**Aim of the task:**
Repeat the lines below exactly as they appear, but leave out the images.

**Dataset content:**
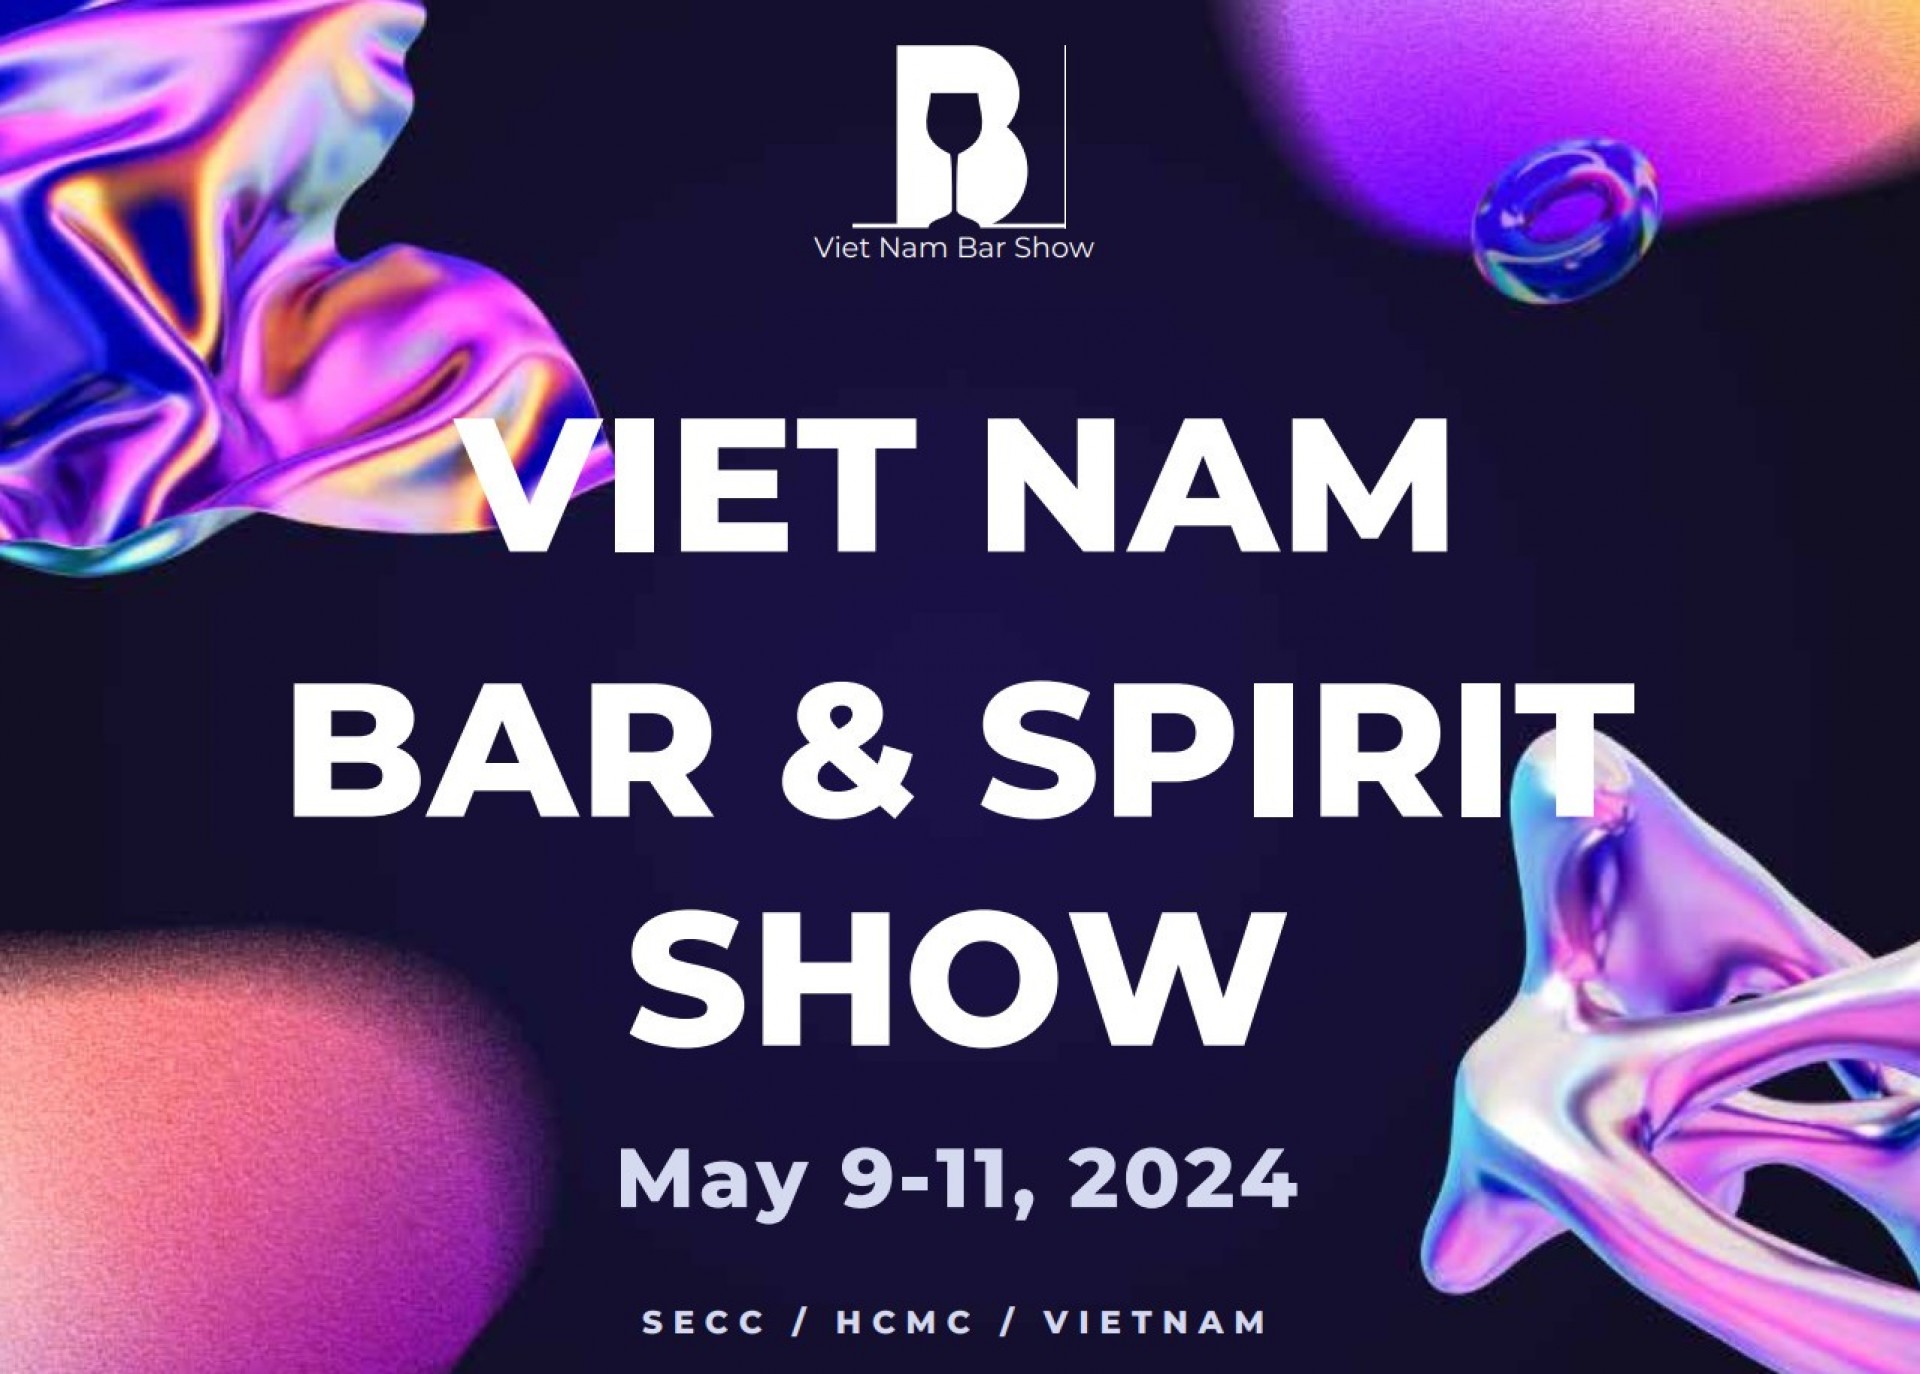 Triển lãm Vietnam Bar & Spirit Show
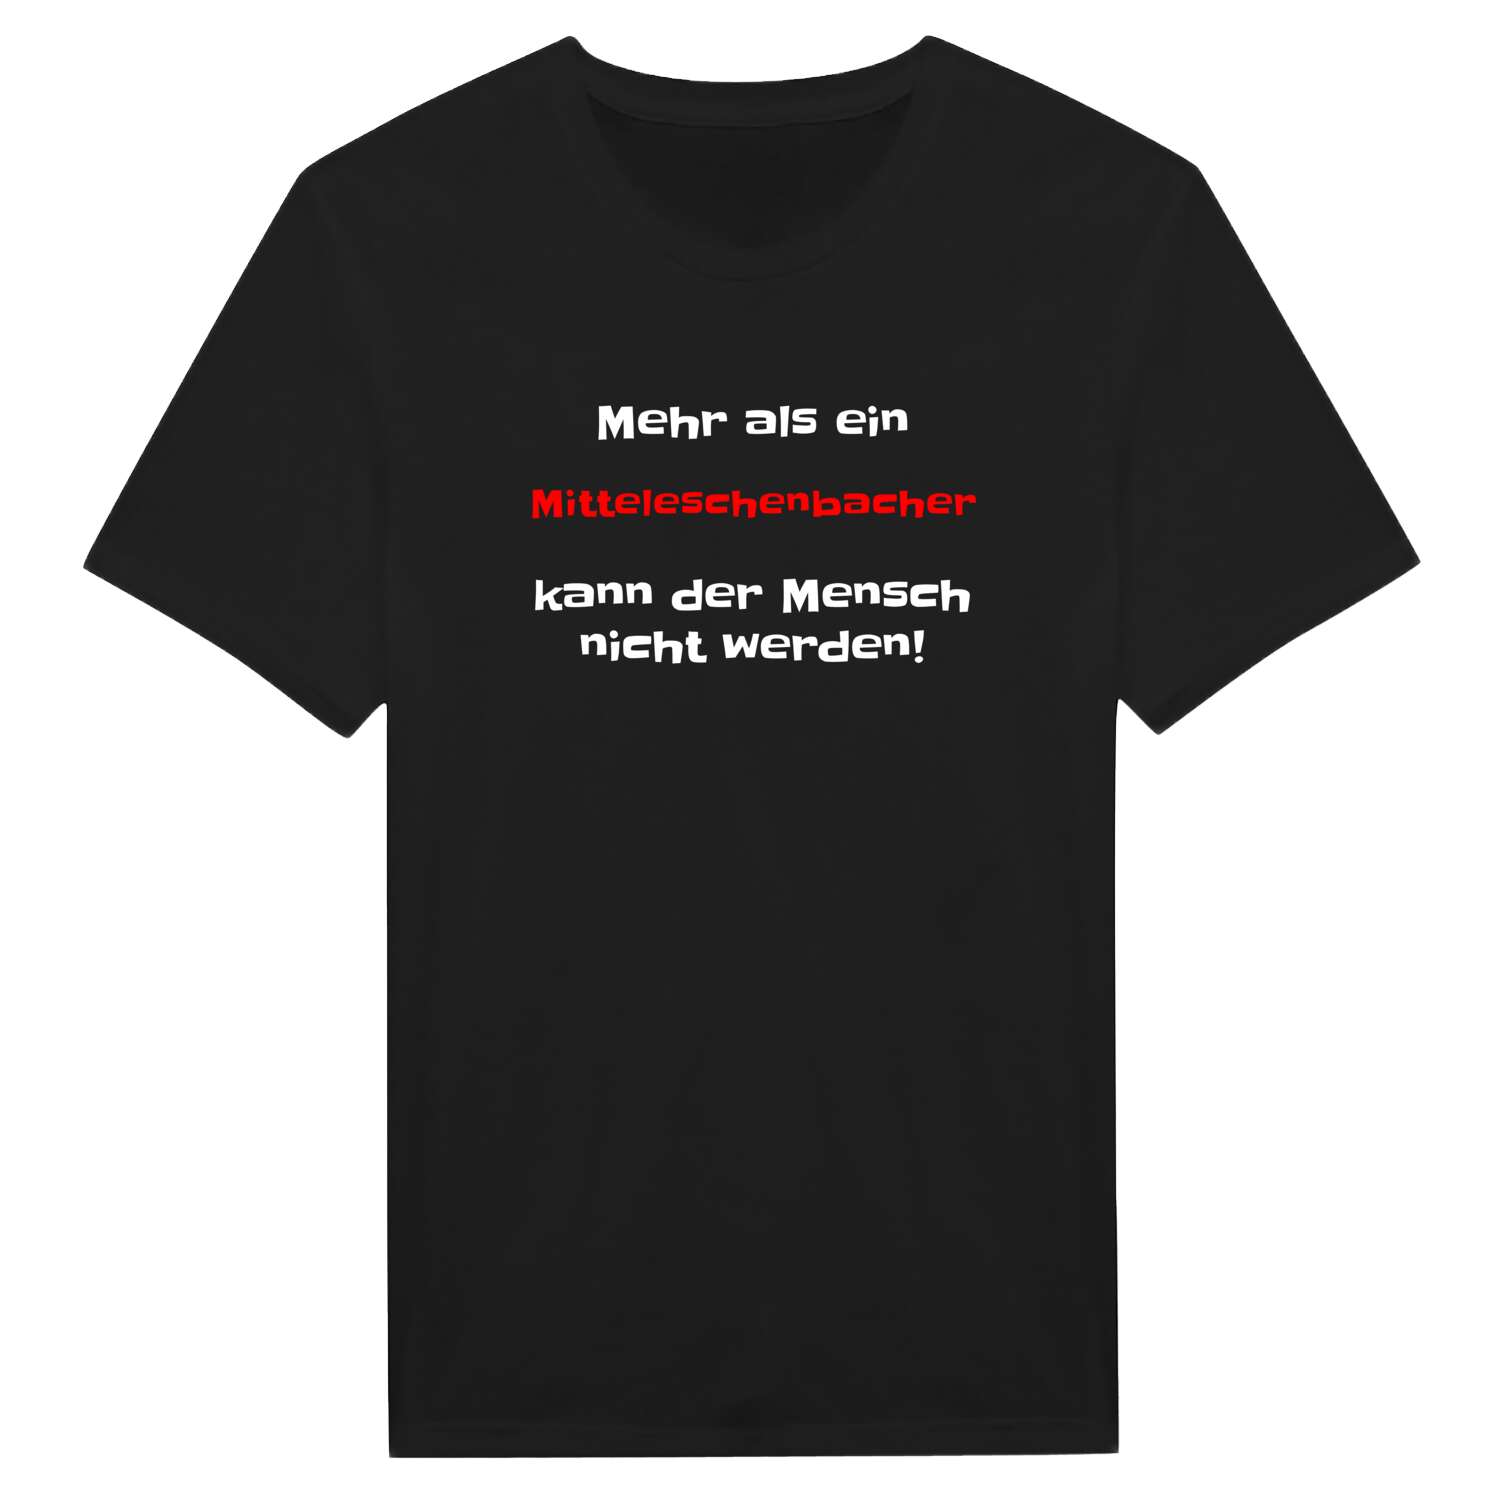 Mitteleschenbach T-Shirt »Mehr als ein«
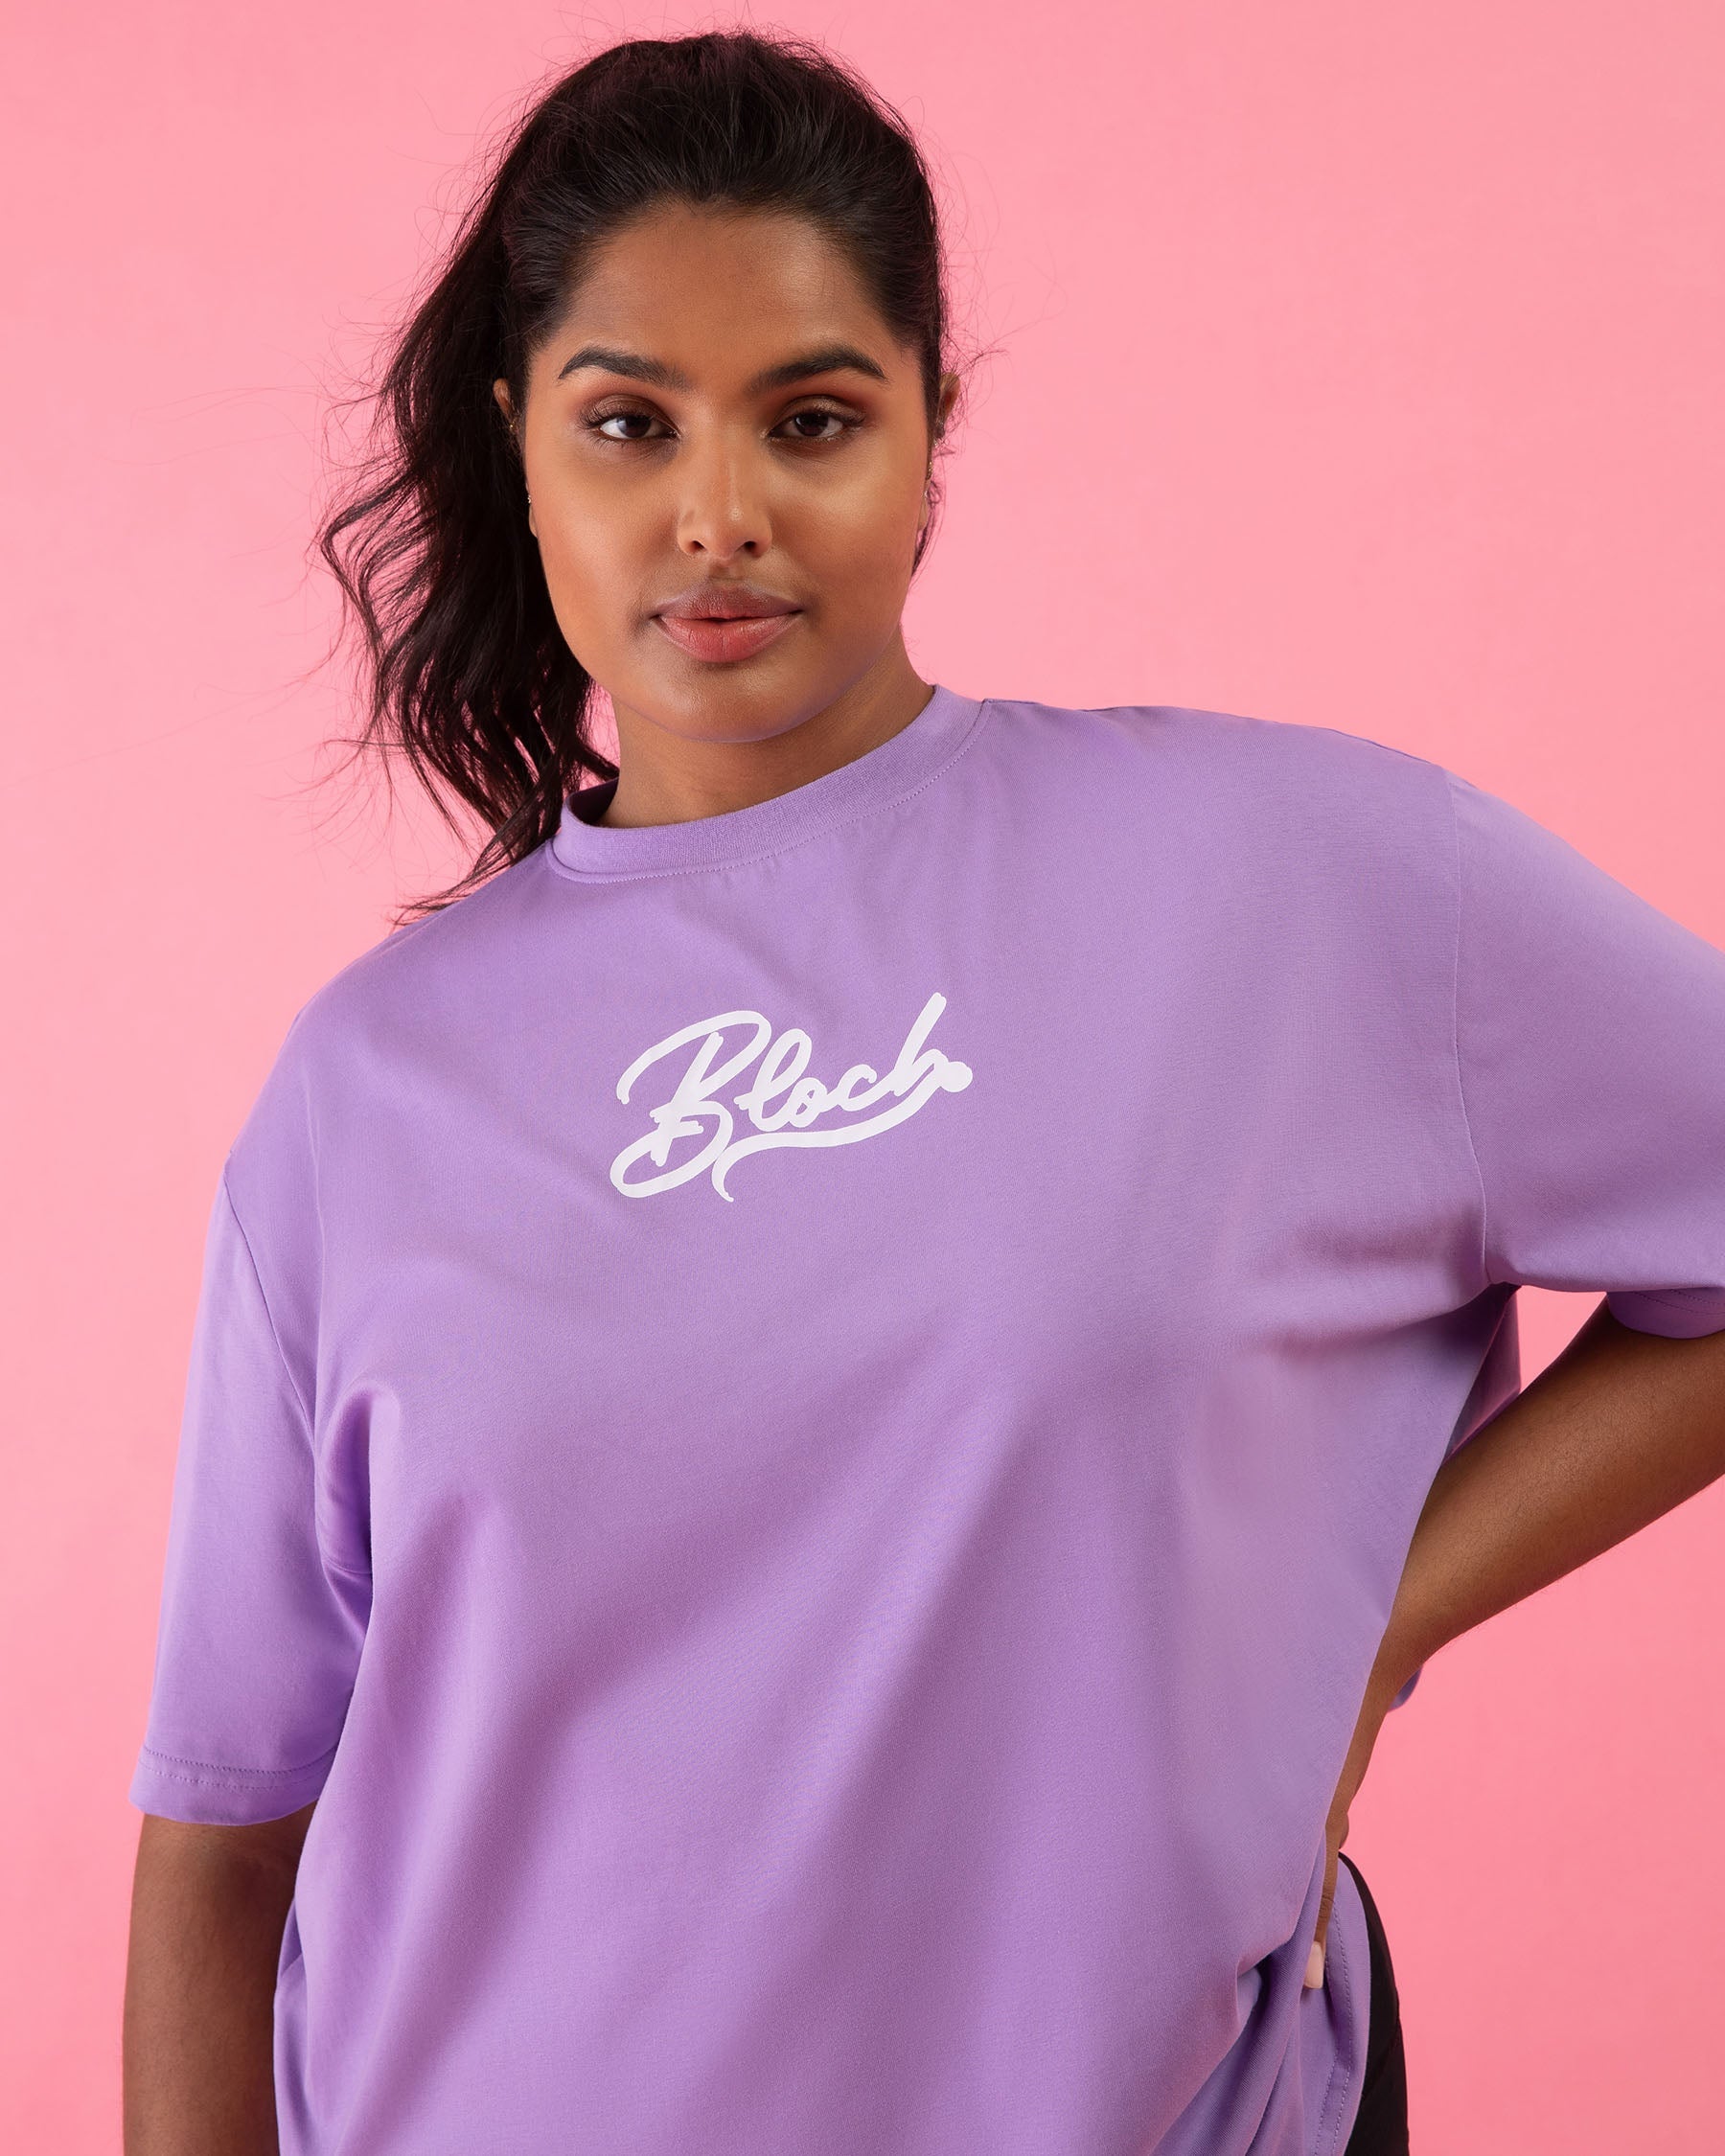 Bloch Play Tee, Dance – BLOCH Oversized Purple US

**Solved exercise:**
 Triển lãm Vietnam Bar & Spirit Show
 Mitteleschenbach T-Shirt »Mehr als ein«
 Bloch Play Tee, Dance – BLOCH Oversized Purple US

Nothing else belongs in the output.